Yeah that kind of thing I can overlook because of technology limitations (although even so), but what is hard for me to stomach, and I find is the case with most old shows is they just over-act the hell out of everything. Like any emotion a character might be feeling, they are gonna hit you over the head with it, firmly and repeatedly, to the point of them being caricatures (so far in this show, the rebellious “bad boy” teen character is probably the worst). I don’t know what has happened in the past couple of decades that made actors realize it’s better when they act like normal, real people.

It’s probably trending because there’s a sequel series in production.

Right… which is what I said in the OP. :stuck_out_tongue:

At the time it came out, David Lynch’s work was a known quantity, with a built in fan base. For those of us in that camp, Lynch doing a TV show was an important moment. So, the tone look tempo style etc. of the show was pure Lynch. If you weren’t already on board, maybe it wasn’t as resonant. So, for fans of Lynch, the ups downs of the show were frustrating, but you hung on JUST IN CASE…

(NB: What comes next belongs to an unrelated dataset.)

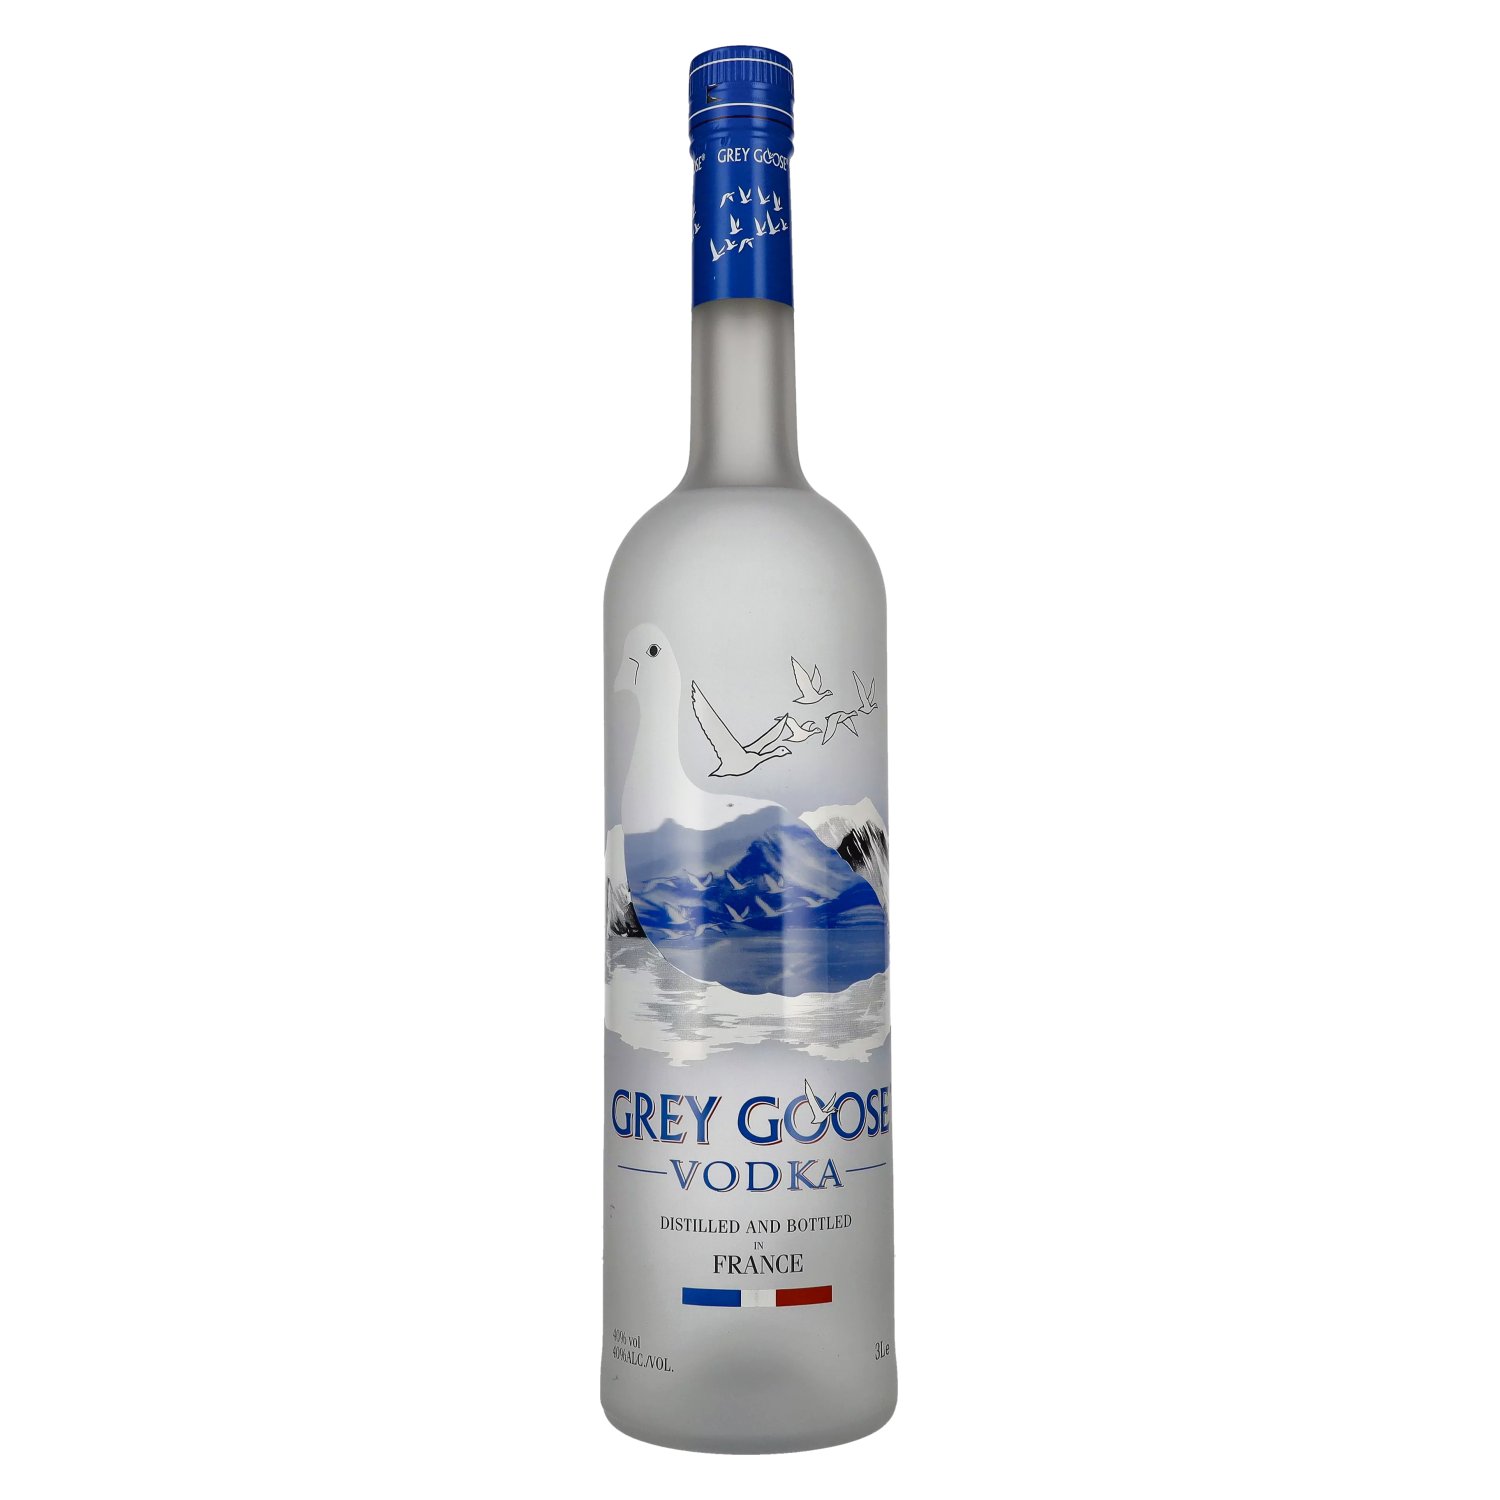 Grey Goose Vodka 40% Vol. 3l - delicando

David Lynch has a fetish for overacted, wide-eyed delivery – just check out Naomi Watts in “Mulholland Drive”. That worked (for me at least) in TP, where he accentuated the underlying disease by putting a brittle, false finsih over it.

I can’t imagine how big Twin Peaks would have been if the internet had been widely available when it was on.

One of the first Internet boards I participated on was an alt.tv Twin Peaks board. If I google my name and go back a few pages I still can find some of my Twin Peaks theories!

Didn’t Sherilyn Fenn used to post on some of those boards? I know even nowadays she’s big on the fan interaction, she runs the cast-run Facebook for the show. (The weird thing is she posts how I imagine Audrey would post on the internet…)

Speaking of David Lynch TV series, I really loved On The Air (1992). Too bad it only lasted seven episodes.